Metformin is indicated as an adjunct to diet and exercise to improve glycemic control in adults and pediatric patients 10 years of age and older with type 2 diabetes mellitus. It is approved for use as monotherapy or in combination with other oral antihyperglycemic agents (e.g., sulfonylureas, DPP-4 inhibitors, SGLT2 inhibitors) or insulin. Its use is also extensively studied and common in managing polycystic ovary syndrome (PCOS) to address insulin resistance and improve ovulatory function, though this is often an off-label application.

Dosage and direction

Dosage must be individualized based on efficacy and tolerability, with a focus on minimizing gastrointestinal side effects.

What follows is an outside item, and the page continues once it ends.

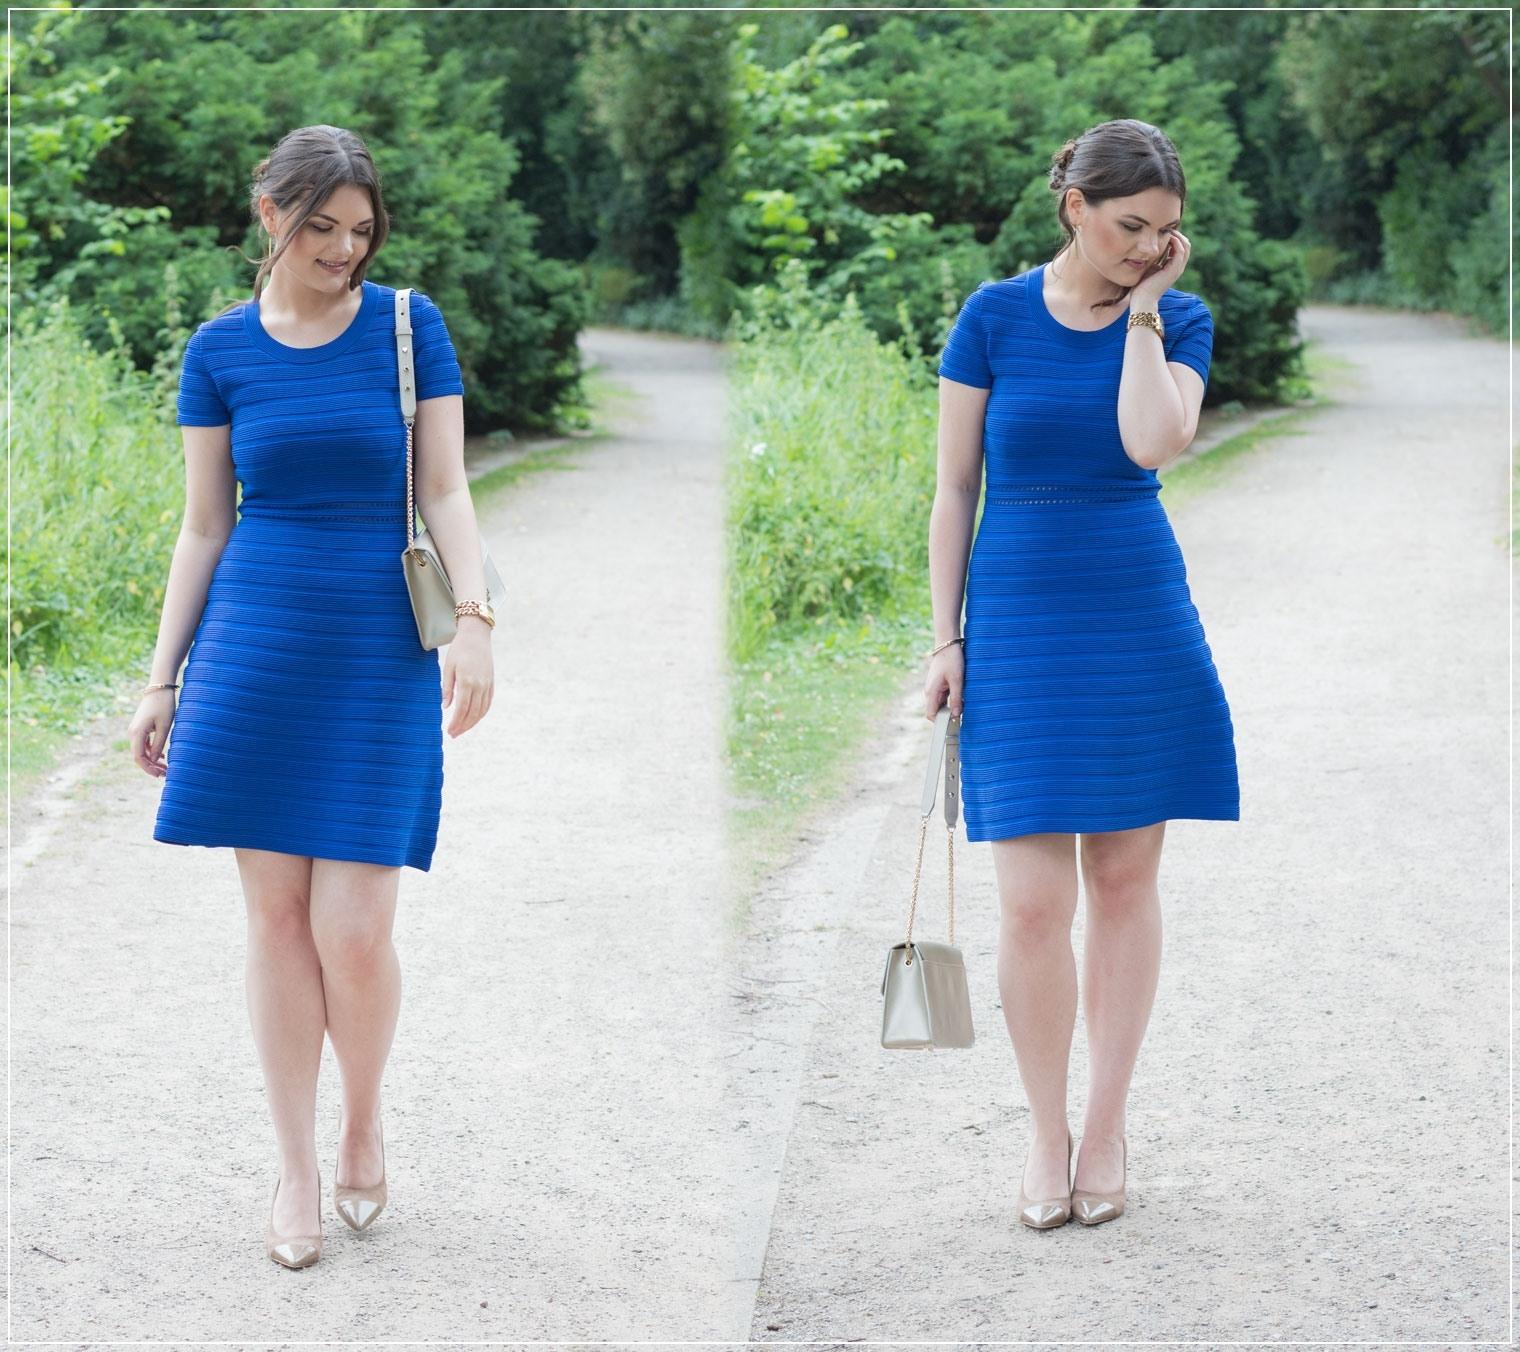 Leicht Blaues Kleid Hochzeitsgast GalerieDesigner Top Blaues Kleid Hochzeitsgast Boutique

  • Initial Dose: For immediate-release tablets, the typical starting dose is 500 mg orally twice daily or 850 mg once daily with meals. The extended-release formulation is usually started at 500 mg once daily with the evening meal.
  • Dosage Titration: The dose may be increased in increments of 500 mg weekly or 850 mg every two weeks, based on patient tolerance.
  • Maintenance Dose: The usual effective dose is 1500 mg to 2000 mg per day. The maximum recommended daily dose is 2550 mg for IR (e.g., 850 mg three times daily) and 2000 mg for XR (e.g., 2000 mg once daily).
  • Administration: Immediate-release tablets should be taken with meals to reduce gastrointestinal upset. Extended-release tablets must be swallowed whole and never crushed or chewed, and are taken once daily with the evening meal.
  • Renal Dosing: Dosage requires adjustment based on estimated glomerular filtration rate (eGFR). It is not recommended to initiate therapy if eGFR is below 45 mL/min/1.73m². Therapy should be reviewed and typically discontinued if eGFR falls below 30 mL/min/1.73m².

Precautions

  • Renal Function Monitoring: Assess eGFR before initiation and at least annually thereafter; more frequently in patients at increased risk for renal impairment.
  • Vitamin B12 Deficiency: Long-term metformin use can impair Vitamin B12 absorption. Serum B12 levels should be monitored periodically (e.g., every 2-3 years) in metformin-treated patients, especially those with anemia or peripheral neuropathy.
  • Lactic Acidosis Risk: Although rare, this is a serious metabolic complication. Risk factors include renal impairment, congestive heart failure requiring pharmacologic treatment, acute or chronic metabolic acidosis, excessive alcohol intake, and hepatic impairment.
  • Surgical/Radiologic Procedures: Metformin should be withheld at the time of, or prior to, any procedure involving intravascular iodinated contrast media and for 48 hours afterwards, and should only be restarted after renal function has been re-evaluated and found to be normal.
  • Hypoxic States: Use with caution in patients with clinical conditions that predispose to hypoxemia (e.g., decompensated heart failure, acute congestive heart failure, recent myocardial infarction, sepsis).

Contraindications

Metformin is contraindicated in patients with:

  • Severe renal impairment (eGFR < 30 mL/min/1.73m²).
  • Known hypersensitivity to metformin or any ingredient in the formulation.
  • Acute or chronic metabolic acidosis, including diabetic ketoacidosis, with or without coma.
  • Temporary contraindication: Acute or chronic disease which may cause tissue hypoxia (e.g., cardiac or respiratory failure, recent myocardial infarction, shock).

Possible side effect

The most common adverse reactions are gastrointestinal in nature and often transient.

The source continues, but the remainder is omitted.